| HN Mirror

Y	Hacker News new \| ask \| show \| jobs

by exDM69 782 days ago

> Aw. Why not?

Because the global allocator API is defined as free(pointer address) and this used free(buffer handle).

It would require a reverse lookup structure from address to buffer handle, e.g. red-black tree. Maintaining it would no longer be O(1).

> the fact that the number of bits is constant doesn't make this O(1), it just makes it O(n) where n := 64

O(n) when n is constant is equal to O(1).

But lzcnt uses a fixed number of clock cycles so it's not really O(n) either.

4 comments

jsheard 782 days ago

GlobalAlloc is also required to be thread safe, and TLSF doesn't even attempt to handle that. I suppose you could get away with it on single-threaded platforms like microcontrollers or (vanilla) WebAssembly but it wouldn't generalize unless you wrapped it in a mutex, and then the performance would be terrible.

link

exDM69 782 days ago

Correct me if I'm wrong but can't you put a Rc<RefCell<OffsetAllocator>> in your std::alloc::Allocator implementation for interior mutability?

This make a non-thread safe allocator, with the (desired) side effect of making anything allocating from it (e.g. Vec) a !Send.

Or is there a requirement that Allocators must be Sync and Send?

link

LegionMammal978 782 days ago

This is about GlobalAlloc, the trait that actually exists in stable Rust. Only static variables can be marked as the #[global_allocator], and statics are always required to be Send + Sync. Of course, if you're really sure that only a single thread will ever exist, you can pinky-promise it by putting a couple unsafe impls on the allocator type. But then the language won't protect you if you do try to allocate or deallocate from multiple threads.

(More practically, you can just write a GlobalAlloc that forwards to an instance of a thread-local allocator. Though that runs the risk of thread-local deinitialization running in an unexpected order.)

link

couchand 782 days ago

Any uc worth programming on has interrupts!

link

TrueDuality 782 days ago

Even with interrupts there is almost always a single execution unit, and thus single-threaded. An interrupt is just a jump instruction to a predefined handler. The code that was running is entirely stopped until the system decides to resume from that point.

link

couchand 782 days ago

That doesn't mean that naive single-threaded code is necessarily interrupt-safe. If the allocator is interrupted and the interrupt service routine needs to make use of the allocator's data structures for any reason there could very much be a conflict.

This particular algorithm is focused on GPUs, so I'm not clear on the applicability. However I did want to clear up the idea that there are no concurrency concerns for single-threaded library code, an assumption that's been the source of many bugs.

link

loeg 782 days ago

The presence of interrupts is basically equivalent to not being single threaded, though. There are true single-threaded environments, it's just limited to userspace processes that don't handle signals.

link

gpderetta 781 days ago

It is even worse: re-entrancy safe is a different property than thread-safe. For example you can't use mutexes to guarantee mutual exclusions with interrupts.

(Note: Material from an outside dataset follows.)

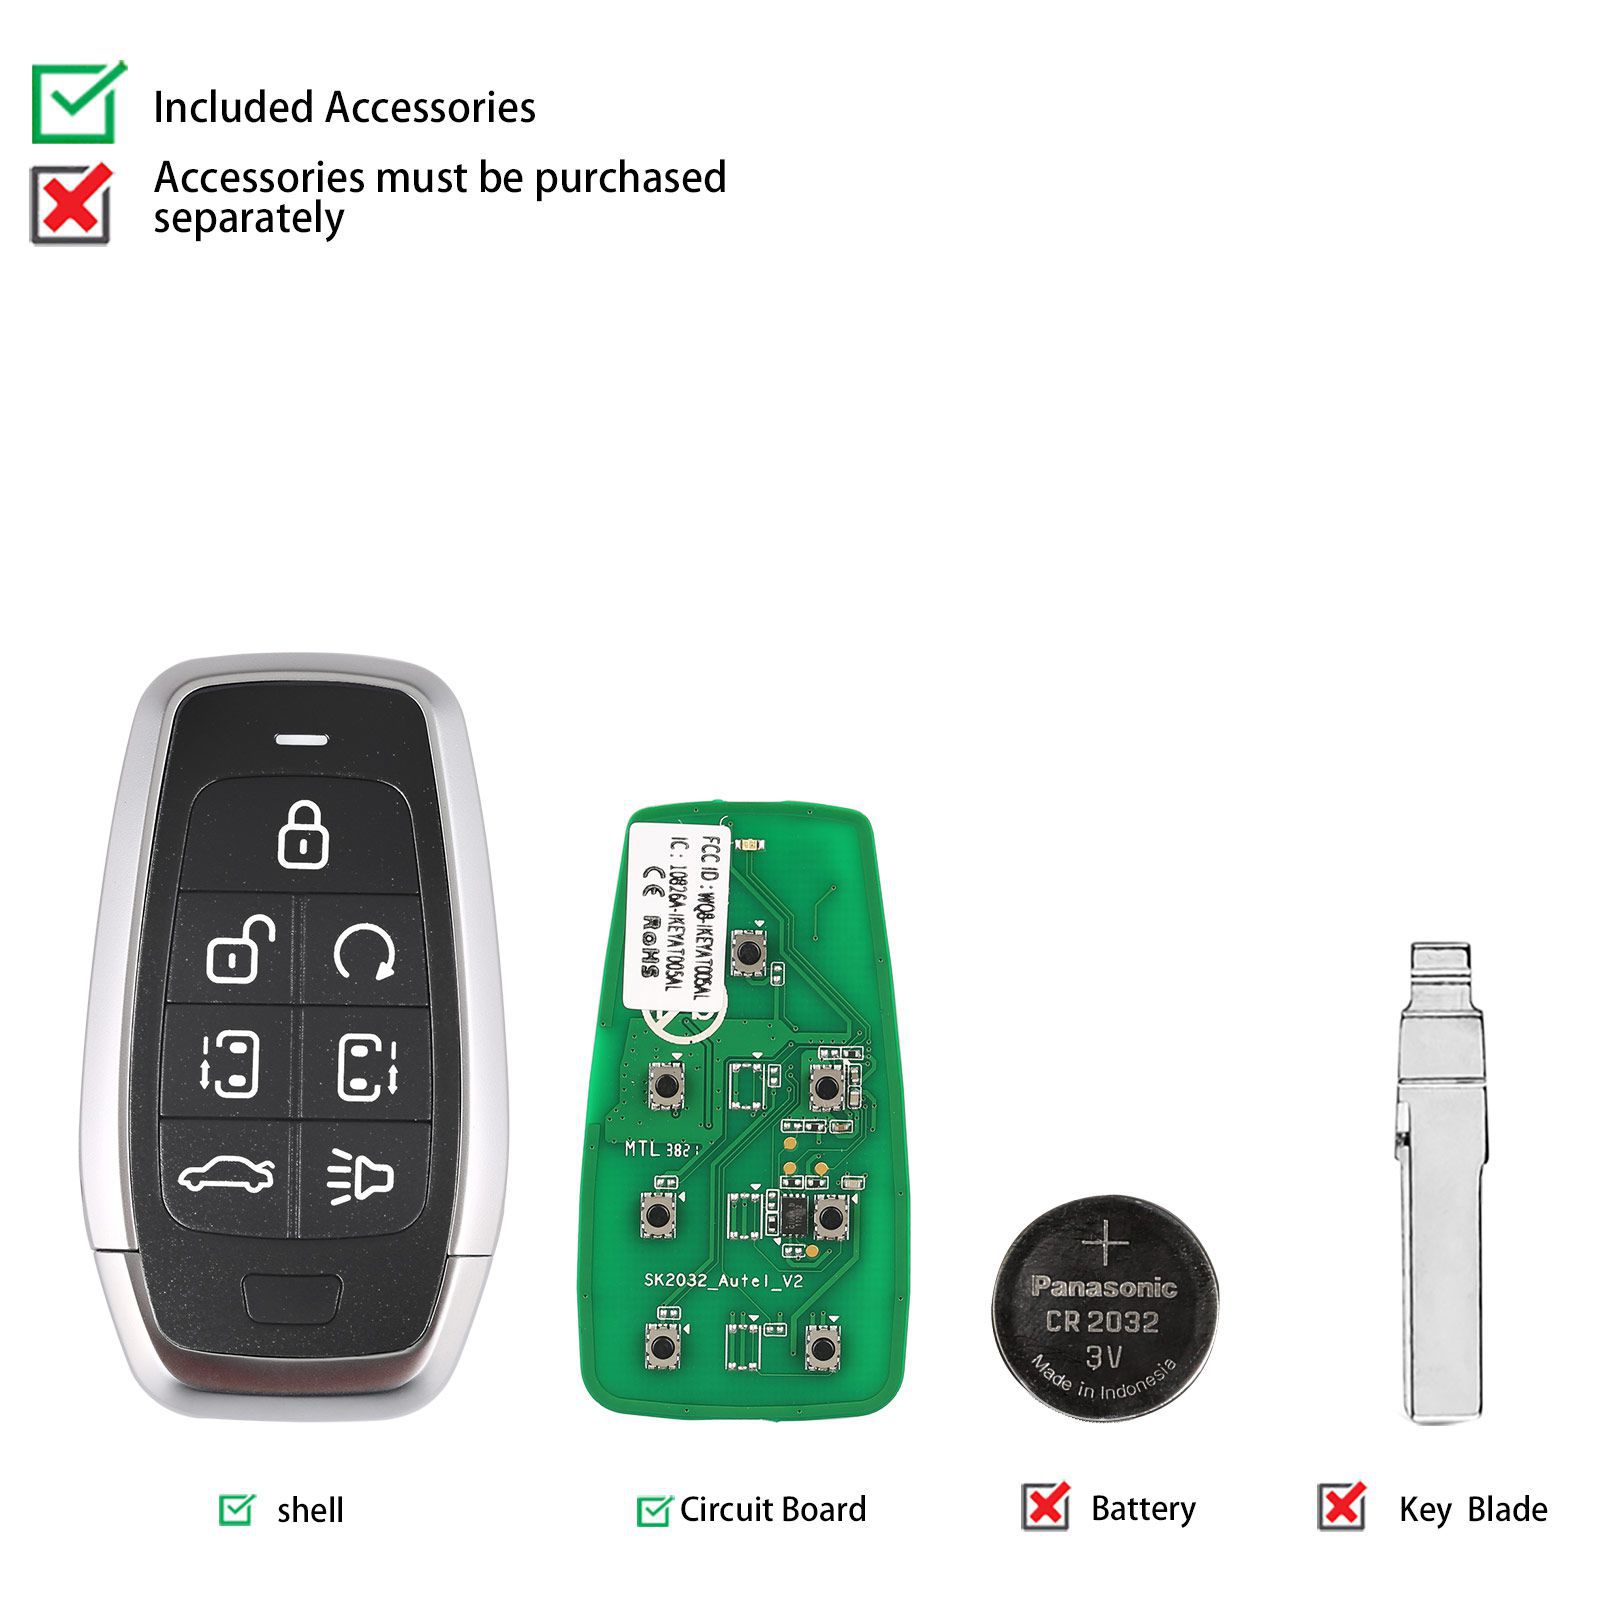 AUTEL IKEYAT007AL 7 Tasten Unabhängige Universal Smart Key 5pcs/lot

Some algorithms are both thread safe and reentrancy safe, but generally this is not the case.

link

orlp 782 days ago

> It would require a reverse lookup structure from address to buffer handle, e.g. red-black tree. Maintaining it would no longer be O(1).

Well, another solution is enlarging each allocation by 8 bytes and storing the buffer handle in front of the returned allocation. So `free(ptr)` would get the handle as `*((ptr as *const u64) - 1)`.

link

exDM69 782 days ago

That works but...

This kind of allocators are usually used for suballocating GPU buffers, so hiding a few bytes of metadata "in-band" can mess up your alignment requirements and not all kinds of GPU memory are even accessible by CPU. Due to false sharing cache problems you would probably want a full cache line (64 bytes) to store the metadata.

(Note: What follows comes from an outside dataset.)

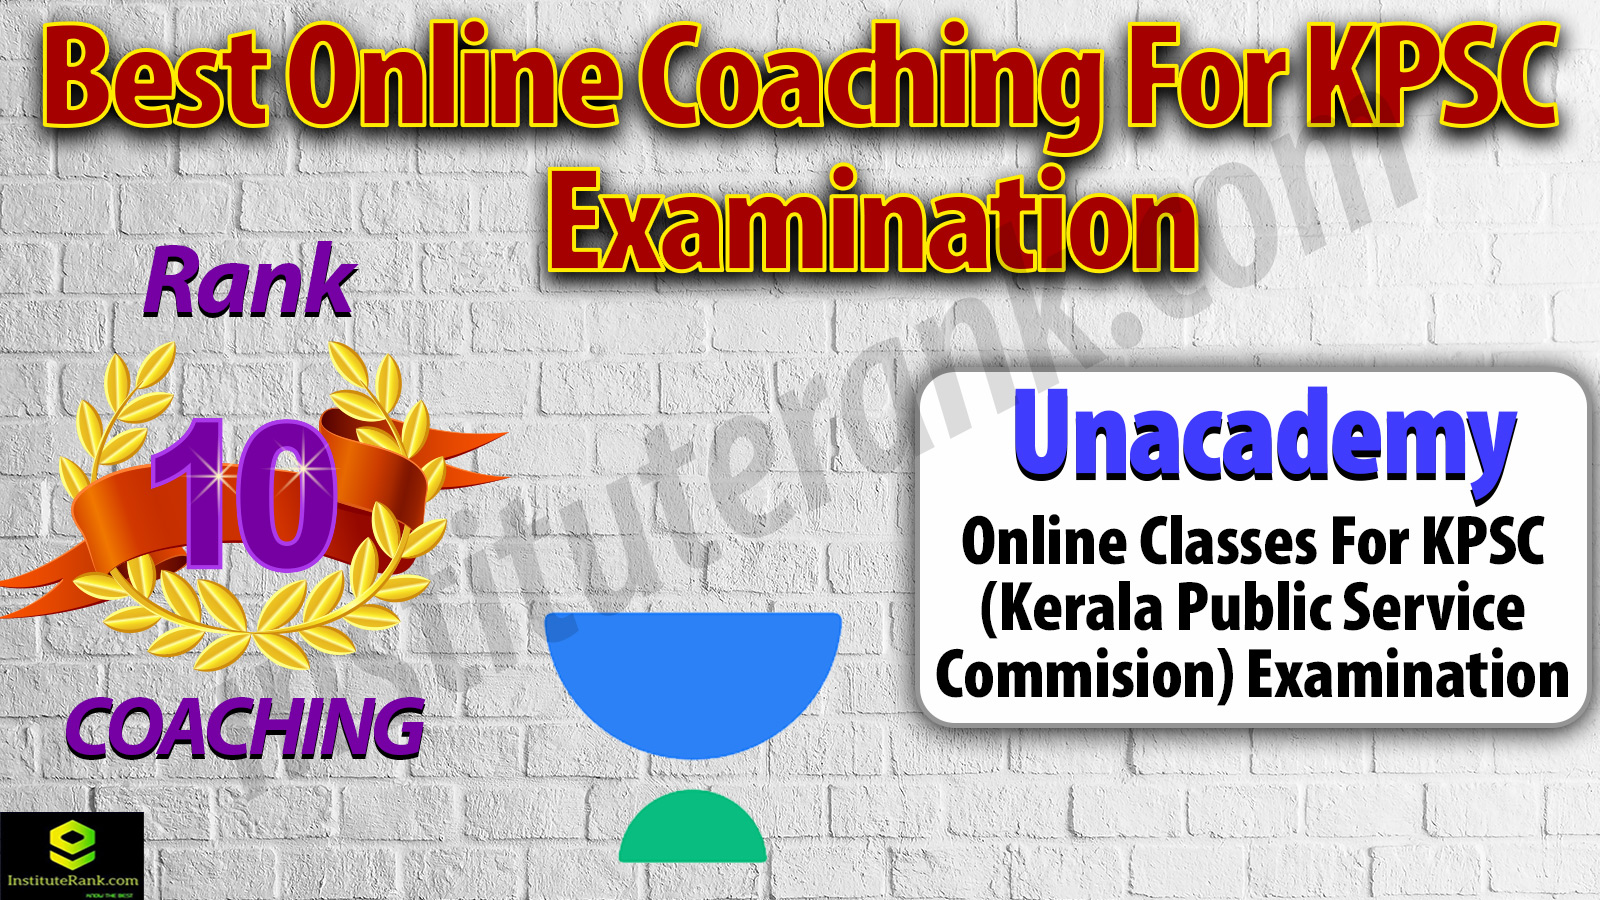 Online Coaching Centre for KPSC Exam

For a CPU-only memory allocator your idea could work quite well. It can also be implemented on top of this code without any modifications.

link

Sharlin 782 days ago

OTOH, I think this would be a good fit for the "Store" proposal [1] which uses handles rather than addresses to refer to allocations.

[1] https://github.com/matthieu-m/storage/blob/main/etc/rfc.md

link

pbalcer 782 days ago

> It would require a reverse lookup structure from address to buffer handle, e.g. red-black tree. Maintaining it would no longer be O(1).

Not necessarily. If you are able to map a block of normal memory in a known location relative to the GPU memory that you are managing with an "offset allocator", it should be possible to directly calculate the metadata location for each "offset". This is how most allocators find arenas/buckets (whatever you want to call them) for an allocation by a pointer.

Something like this:

  +-------------------------+ 0x000000 (start of managed memory)
  | Metadata                | 
  |                         |
  |                         |
  | ...                     |
  +-------------------------+ 0x001000 
  | Padding ...             |
  +-------------------------+ 0x010000
  | GPU Memory Block        |
  |                         |
  |                         |
  |                         | ~2MB block
  |                         |
  |                         |
  |                         |
  +-------------------------+ 0x210000

With this layout, to get to a metadata for an allocation, all you need to do is to align down the allocation pointer and calculate the appropriate location in the metadata page.

This obviously won't work in all scenarios, but it's a simple and practical way around a map lookup.

link

exDM69 782 days ago

A good idea but not O(1).

If you have a large allocation you have to mark every "page" in metadata table which makes allocation O(size in bytes / page size).

The overhead might still be practically acceptable, even if it is not constant time.

link